The aged Benet died in 1463 (probably on 21 Nov., the date on which his obit was subsequently celebrated), and was buried in St. Augustine’s abbey next to his second wife, Alice. His fourth wife survived him. His undated will shows him to have been a man of considerable means, whose numerous bequests in money alone amounted to over £100. To St. Augustine’s he left a mazer with the image of the Virgin Mary carved thereon, and £1 towards the painting of another such image, ‘where the abbot lyeth’, and to Canterbury cathedral a donation of 11 marks towards the building of the Angel steeple as well as a ‘bekyr’ for the frater inscribed with his name ‘to be had the more in mind’. He gave ten marks to a priest to pray in St. Mildred’s church for the souls of his parents and former wives, and to sing 300 dirges and 300 masses within a month of his own funeral; and to St. Andrew’s church, of which he was a parishioner, he left the proceeds of the ultimate sale of his dwelling place (after the death of his widow), £20 for a cloth of gold vestment, 3s.4d. for the perpetual maintenance of its clock, and an annual rent of 10s. from gardens in Sandwich and Chantry Lane, Canterbury, for illumination. Yet it was to St. Clement’s, Sandwich, that he bequeathed his best piece of silver, weighing 52 ounces, to be melted down and made into a chalice with his name engraved on its foot. The city of Canterbury, which Benet had served all his long life, was also to benefit by his death, for he left it 300 feet of ashlar for making a wharf at the King’s mill, £10 for repairs to the shambles and to pave the street from the pillory to St. Andrew’s so that churchgoers ‘may go clean’, and after the death of his widow his houses in St. Mary Bredman parish, subject to an annual charge of 10s. for his obit in St. Andrew’s. Charitable bequests to local hospitals and prisons recalled the testator’s trade by including lengths of cloth to be made into shirts and smocks.10

Ref Volumes: 1386-1421

Author: L. S. Woodger

Notes

  • 1. Canterbury Cathedral, City and Diocesan RO, burghmote reg. O/A1, f. 17d.
  • 2. Canterbury accts. FA1, ff. 74-286d; 2, ff. 3-64d.
  • 3. List Canterbury Officials, comp.

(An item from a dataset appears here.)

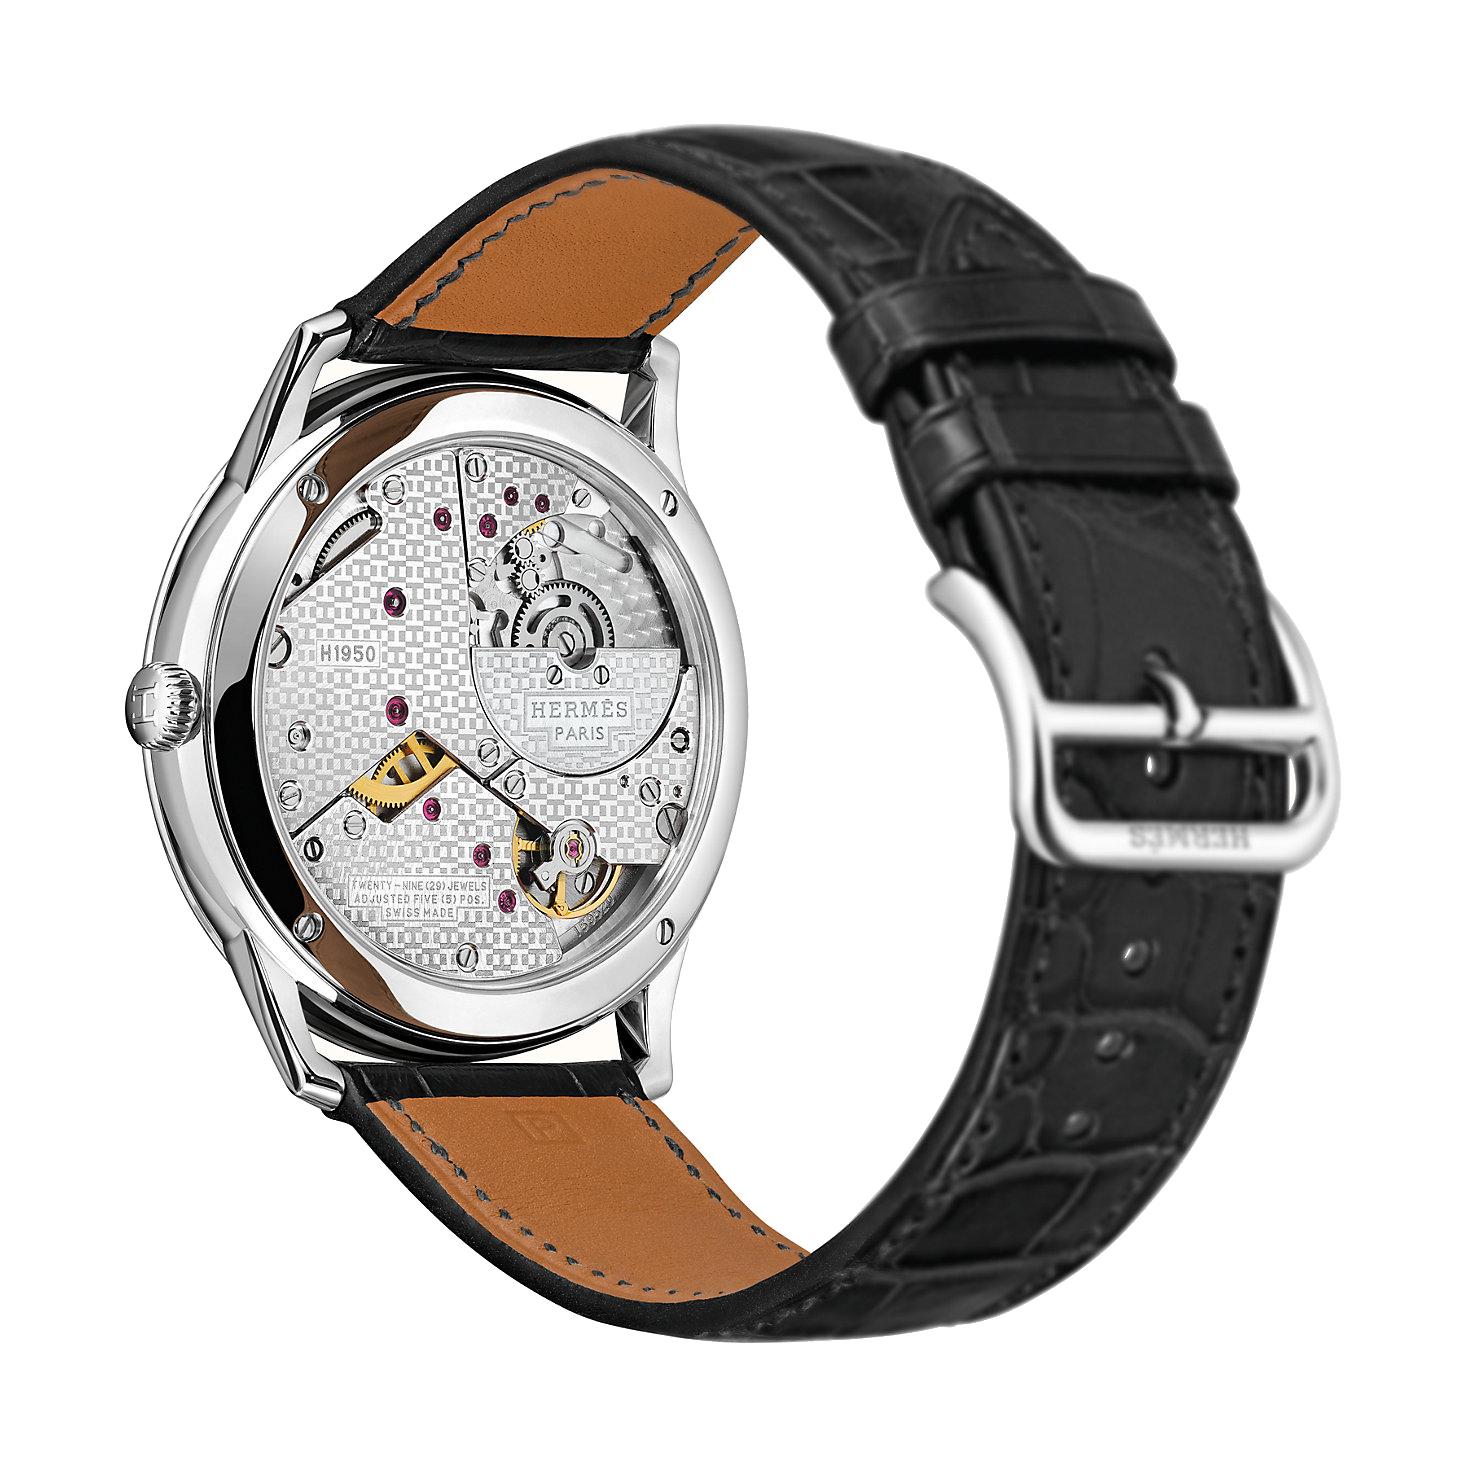 montre-slim-d-hermes-395mm--041759WW00-back-3-300-0-1466-1466_b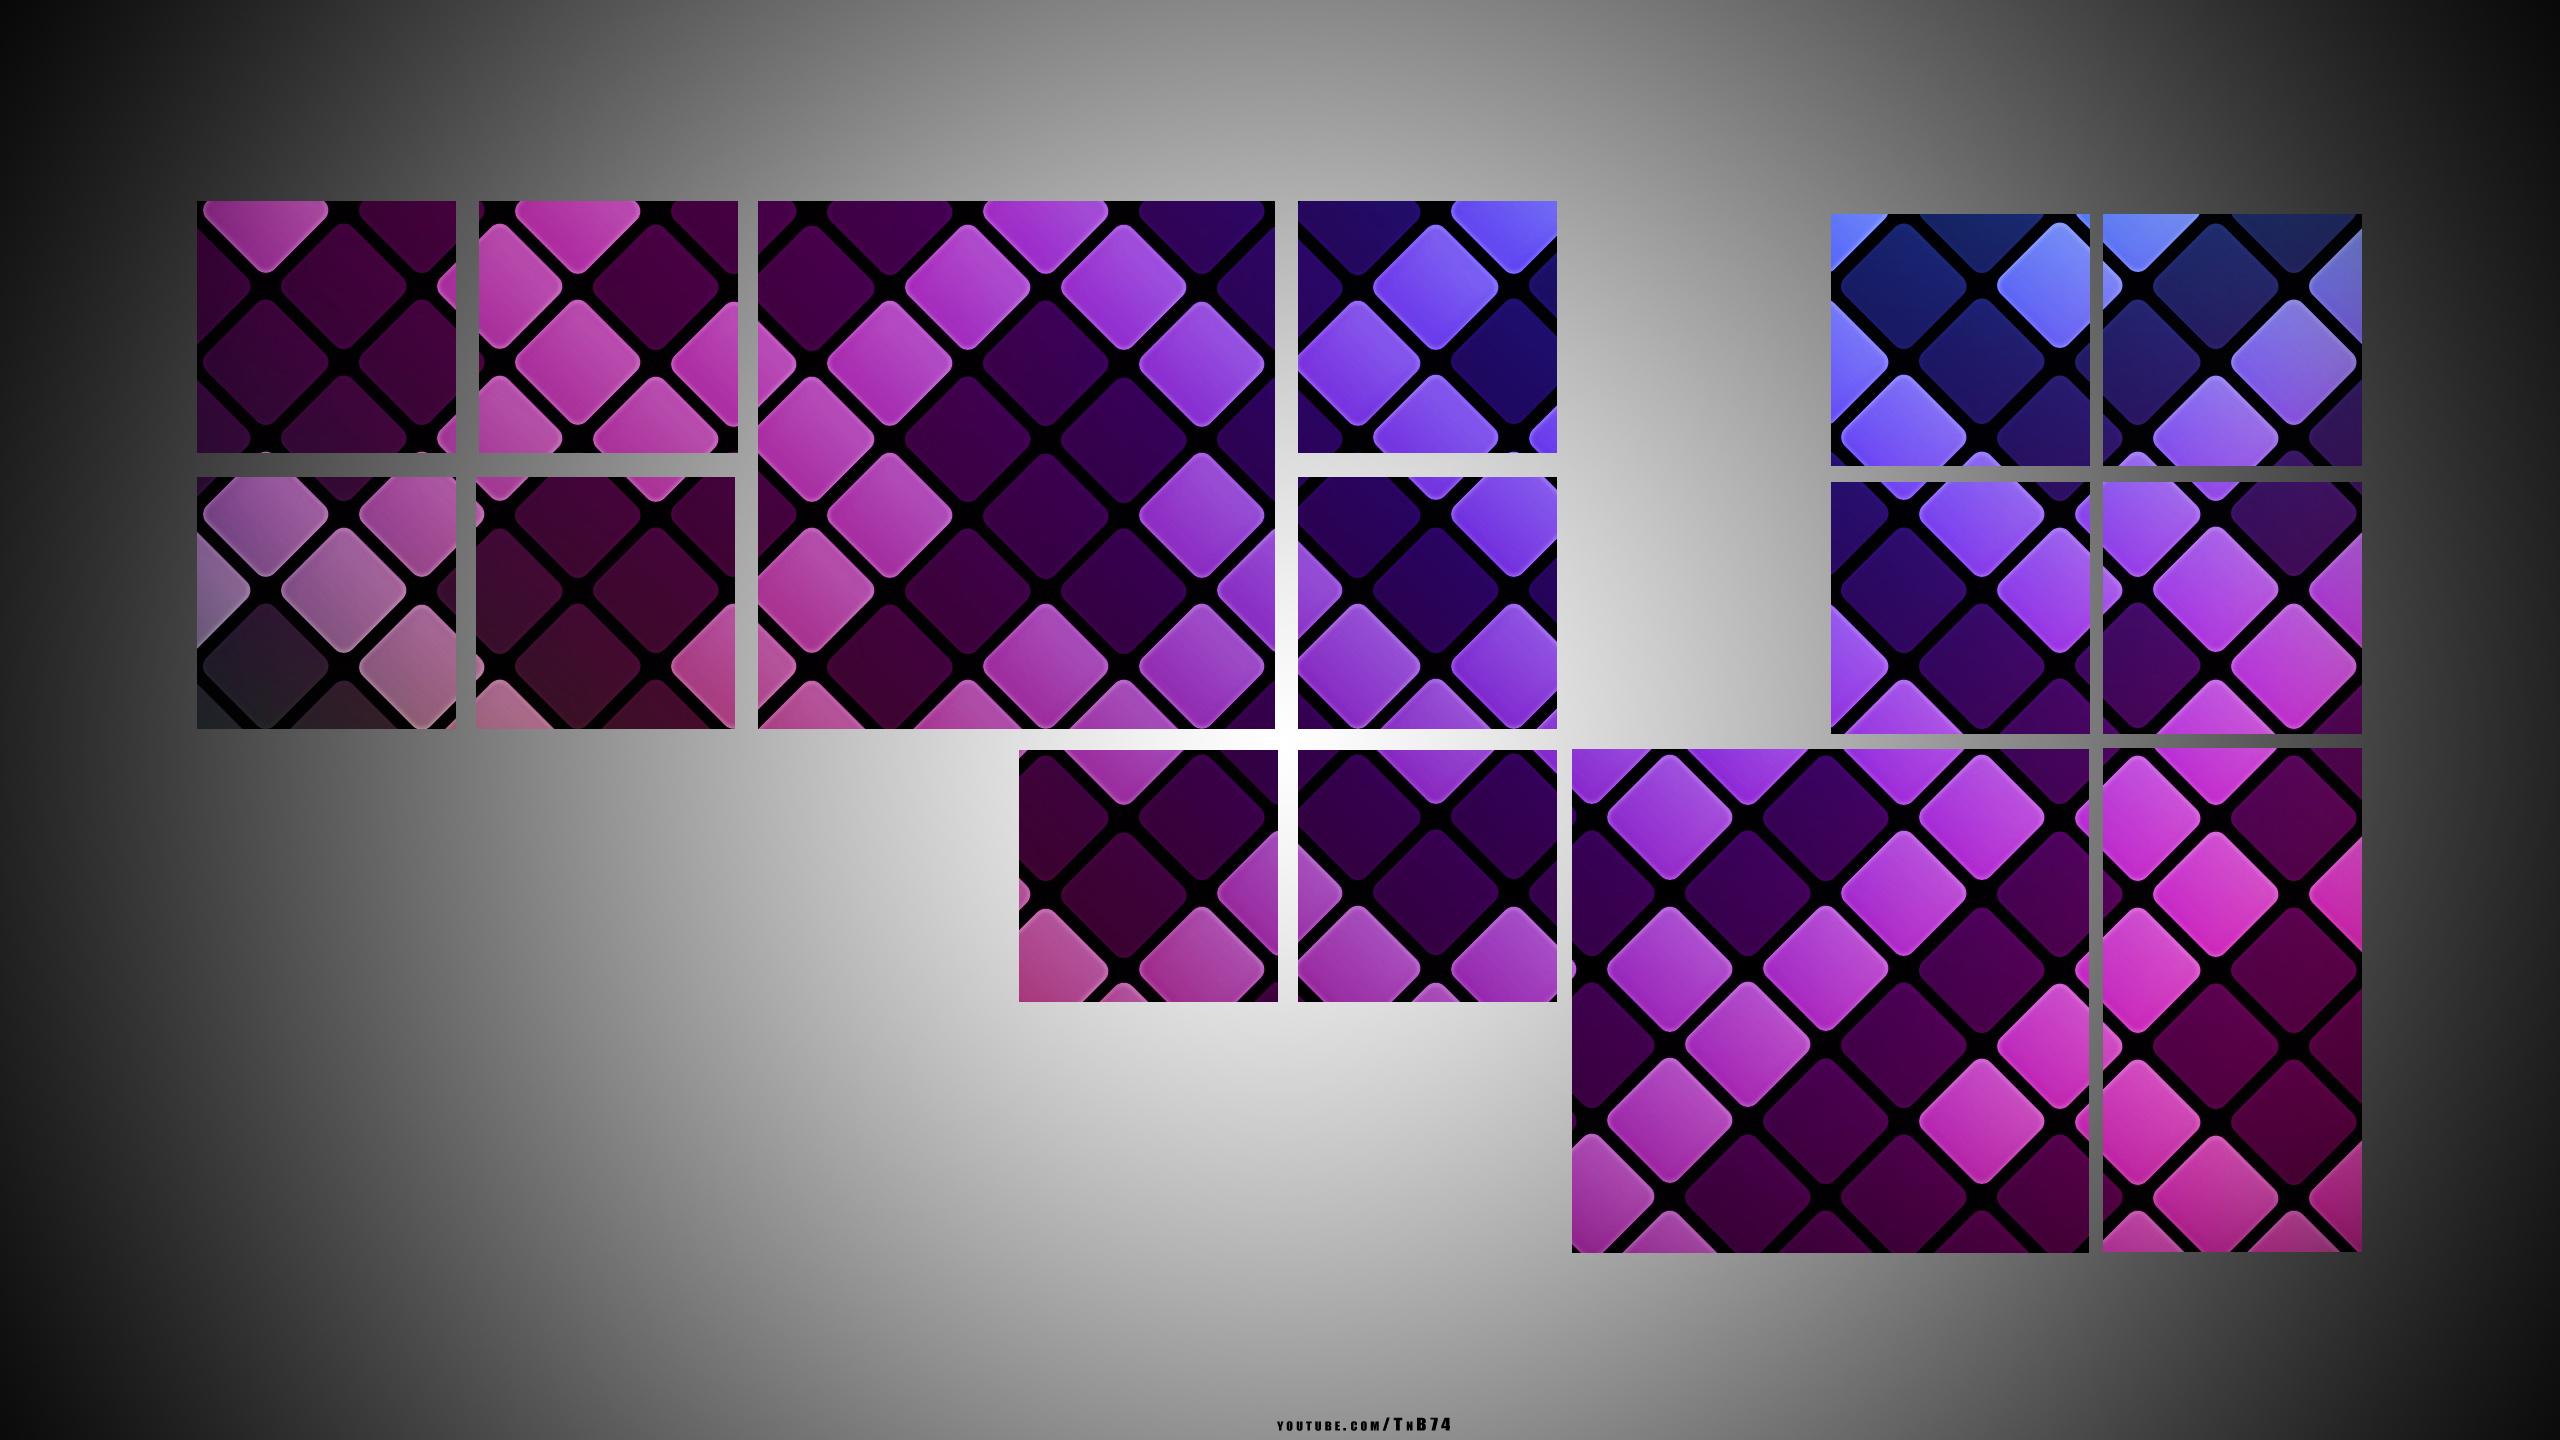 Square Pattern wallpaper [2560x1440] - Free HD Wallpapers

Urry and Bunce, 49-51, although it was Benet’s fellow bailiff William Billington who died on 28 Dec. 1444 during their year of office, not Benet: FA1, f. 302.
  • 4. FA2, ff. 39, 42d.
  • 5. E179/123/50; Canterbury RO, O/A1, ff. 16-17; Canterbury consist. ct. wills, 1, f. 32; Arch. Cant. xxxii. 189
  • 6. O/A1, ff. 38-39; Feudal Aids, iii. 56; J. Brent, Canterbury, 141; Arch. Cant. xlviii. 54; FA1, ff. 127, 243d.
  • 7. CPR, 1408-13, p. 150; 1429-36, p. 195; HMC 9th Rep. (pt. i), 140, 167-8; FA1, ff. 71d, 121, 127, 230.
  • 8. E. Hasted, Kent ed. Drake, ix. 269; CCR, 1422-9, p. 386; 1429-35, p. 113; O/A1, f. 40d; CPR, 1429-36, pp. 109-10, 389; Canterbury consist. ct. wills, 1, ff. 19d-20.
  • 9. C1/6/154, 7/225, 320, 9/444-5, 15/154-5, 24/63-67; CAD, iii. C3005. There is no evidence to identify him with William Benet ‘of the isle of Sheppey, gentleman’ who served as under sheriff of Kent in 1447-8: C1/19/234; Med. Kentish Soc. (Kent Rec. Ser. xviii), 230, 235-6. It was probably that Benet who was an associate of Sir Thomas Browne, whom the Yorkists executed in 1460: CCR, 1454-61, p. 79; CCR, 1461-7, p. 88.
  • 10. Christchurch Canterbury (Cambridge Antiq. Soc. 8vo. ser. xxxiv), 88; Arch. Cant. xxxii. 188; Canterbury archdeaconry ct. wills, 1, ff. 114-16.